Cooper was an unusually considerate child and his interest in athletes extended beyond their on-court abilities and into their personal lives. While watching the documentary, The Doctor, Coop kept sneaking looks to Dana to see if it was safe to cry when Julius Erving discussed the death of his son.

And Cooper would be happy to hear that LeBron James is returning to Cleveland because, a few years back, he asked his mother if she was mad at LeBron for leaving the Cavs. (Dana, who is from Cleveland, explained that she also left and that is sometimes what people do.) Cooper was a Knicks fan, but couldn’t resist keeping a hidden LeBron jersey tucked away in the basement storage room of his building.

Referring to Cooper’s appreciation of the game, Walt Frazier said, “The most rewarding part of my life is when the younger generation—kids like Coop—know who I am and even tell me that I am their favorite all-time Knick.” Cooper’s mind and charm enthused other NBA greats as well, including Darryl Dawkins who made a surprise appearance at Coop’s friend’s birthday party. All the kids were aware of Chocolate Thunder, but it was Cooper who knew the “Mayor of Lovetron’s” colorful resume, stat lines and history.

But beyond Cooper’s caring nature and keen interest, his legacy is humbling and impressive. In fact, there is something paradoxical about his life, which was cut horribly short, and his legacy, which will be powerfully long.

After the loss of Cooper, his parents, along with family friends Jackie Kerns and Julie Dermer, started fundraisers at the mecca of spinning, Soul Cycle. The Coop’s Hoops fundraisers became such a success that the foundation is currently in talks with the Knicks to hold the event at Madison Square Garden.

Through the Soul Cycle benefits, online contributions and funds raised by Cooper’s sister, Gianna, and her friends, the Coop’s Hoops foundation has collectively gathered over $30,000—affecting the lives of over 45 kids. Bryanna Brown is the fastest camper; Erin Arzu, a 10th grader at MLK High, seems to never stop smiling; and Jeremy Quezada, a nationally scouted shooting guard at Calhoun Prep continues to honor Coop: “He was really a man even though he was 8 when we met.
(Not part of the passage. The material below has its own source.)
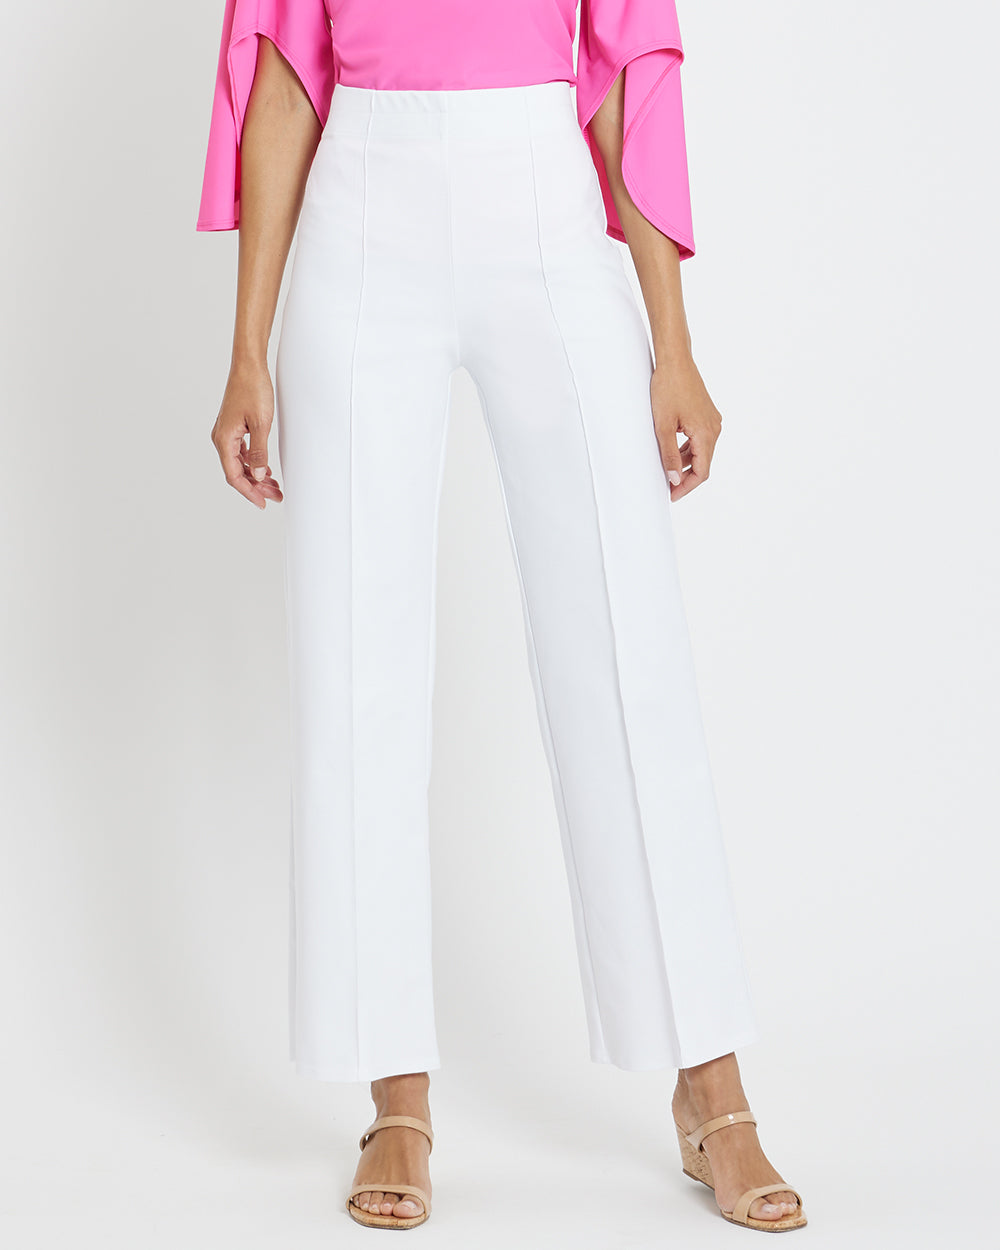 Felicia Pant - Cotton Stretch Sateen

He liked movies, Led Zeppelin and basketball.” Jackie Kerns noted that Cooper instantly gravitated toward Quezada when he attempted to steal the ball from the best player in camp during a shoot-around.

In Coop’s memory, Quezada sports a pair of shoes with Coop’s name on it and, on what would have been Cooper’s 10th birthday, signed 10 basketballs with messages to Coop.
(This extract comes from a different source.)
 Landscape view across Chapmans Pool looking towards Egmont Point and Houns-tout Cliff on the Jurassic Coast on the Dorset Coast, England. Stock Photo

Cooper Stock’s impact can also be felt well beyond the camp and basketball court. On May 24, Cooper’s Law, sponsored by Counsel Woman Helen Rosenthal, was signed by NYC Mayor de Blasio as part of the Vision Zero initiative to cut traffic deaths by boosting the number of cameras to ticket speeders and increasing lane violations in school and residential zones. In essence, Cooper Stock will save lives by forcing drivers to change behaviors.
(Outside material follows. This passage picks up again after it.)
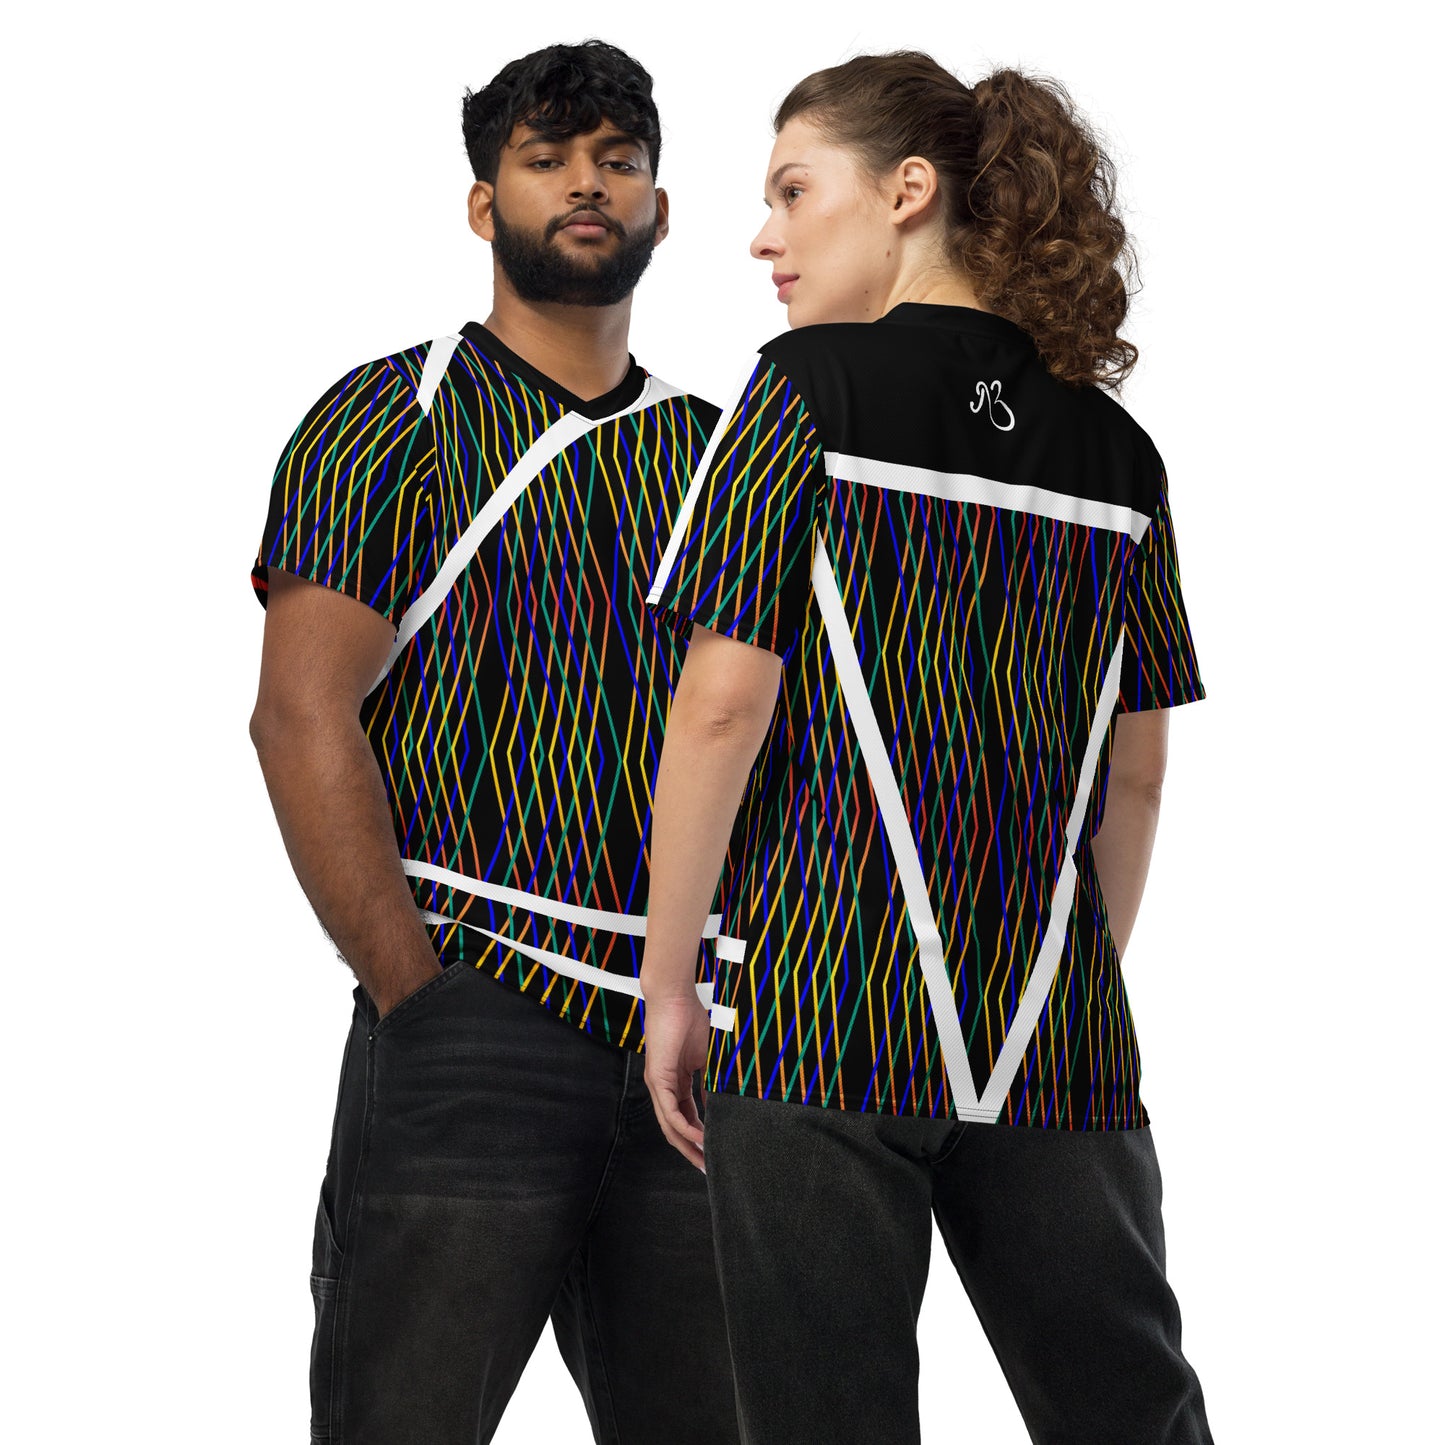 Constellation print recycled unisex sports jersey

It’s strange. I’ve never met Cooper, but I will also never forget him. We lived in the same house (at different times), attended the same concert (in different rows) and rooted for the same team (with the same reluctance). And even though many people picked up the newspaper the day after his tragic death and thought, “That could have been me,” they probably could not have foreseen the impact Cooper would have, not just on those who knew him while he was alive, but those who will never know him and never forget him.

On the final day of Coop’s Hoops summer camp, 11-year-old Chris Rivera won the Cooper Stock Award for heart and effort. Chris’s mother, Diana Ortiz, is battling cancer and mother and son were crying as they walked off with the oversized trophy. I imagine that Cooper was looking down at the gym, letting them both know that it was safe to cry.